Decided: November 16, 1951.


McGeehan, Jayne, and Wm. J. Brennan, Jr. The opinion of the court was delivered by Jayne, J.A.D.


The declaration of our conclusions in these consolidated actions may well begin with a prefatory statement more informative of the subject matter of our deliberations than merely to say that the proceedings implicate the validity of certain administrative regulations promulgated by the State Department of Health and filed with the Secretary of State on July 5 and July 10, 1950. An account of some antecedent events and of the conditions comprising the environment in which the regulations were ordained will add illumination to the factual picture exhibited to us for consideration.

New Jersey is characterized as a milk deficiency state in that the resident producers supply less than 50 per cent of the State's requirements. The deficit is satisfied by the importation of milk into New Jersey through the channels of interstate commerce from sources in the states of New York, Pennsylvania, Maryland, and others.

The plaintiffs, who seek our declaratory judgment (Rule 3:81-10), some of whom have also sought a review pursuant to Rule 3:81-8, all hold temporary permits or creamery licenses issued to them by the State Department of Health enabling them to receive, ship, store, process and vend milk within this State.

The interest of the parties in this litigation is manifested by the disclosure that the Milk Dealers' Association of Northern New Jersey, consisting of 32 members, distributes approximately 75 per cent of all milk supplied in the nine northern counties. The South Jersey Milk Dealers Association, Inc., composed of 55 members, distributes approximately 80 per cent of all of the milk sold in the southern New Jersey area. The 30 members of the Trenton Milk Dealers'

Association, Inc., supply about 80 per cent of the milk consumed in the Trenton territory. The New Jersey Milk Industry Association, Inc., with a membership of 82, and the Dairymen's League Cooperative Association, Inc., with a membership of about 27,000 milk producers, distribute throughout the State. The plaintiffs comprise groups of dealers of milk, of whom some are located within and others without New Jersey.

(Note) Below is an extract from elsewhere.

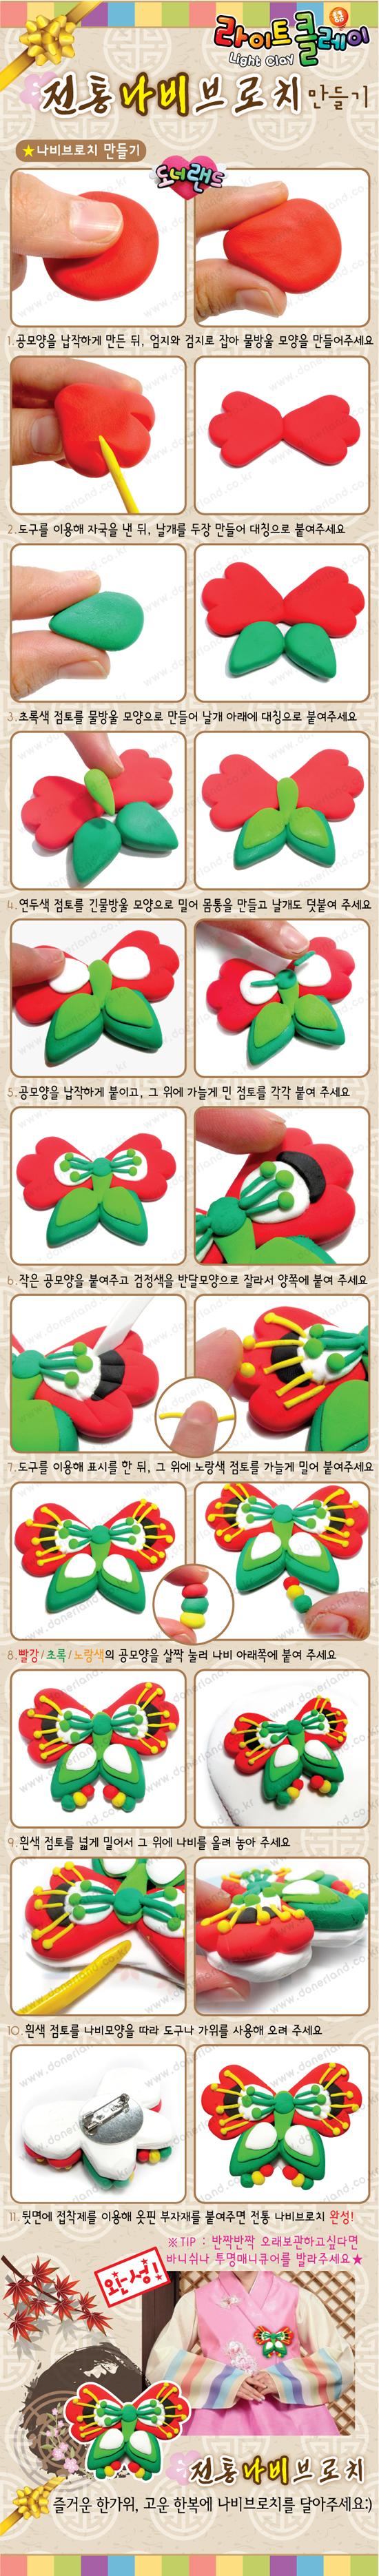 전통 나비 브로치 만들기

It is exceedingly significant to recognize that the milk which is transported into New Jersey from the surrounding states is exposed to the same sanitary regulations and must meet the same standards of identity and quality as that produced in New Jersey.

The regulation and control of the production, processing, distribution and sale of milk have engaged studious legislative and administrative consideration in recent years. Witness the eloquent diction of the excerpt taken from the preamble of L. 1941, c. 274, p. 713:

"that it is made necessary by the conditions of unfair, unjust, destructive and demoralizing practices, heretofore existing or threatened and presently threatening, in the production, sale and distribution of milk which are likely to result in the demoralization of the agricultural interests of this State engaged in the production of milk and the creation of conditions inimical to the health of the public of this State; that it is the policy and intent of this act to prevent these unfair, unjust, destructive and demoralizing practices by providing a reasonable return for the milk producer, so as to prevent possible curtailment of a sufficient supply of fresh, wholesome, sanitary milk for our citizens."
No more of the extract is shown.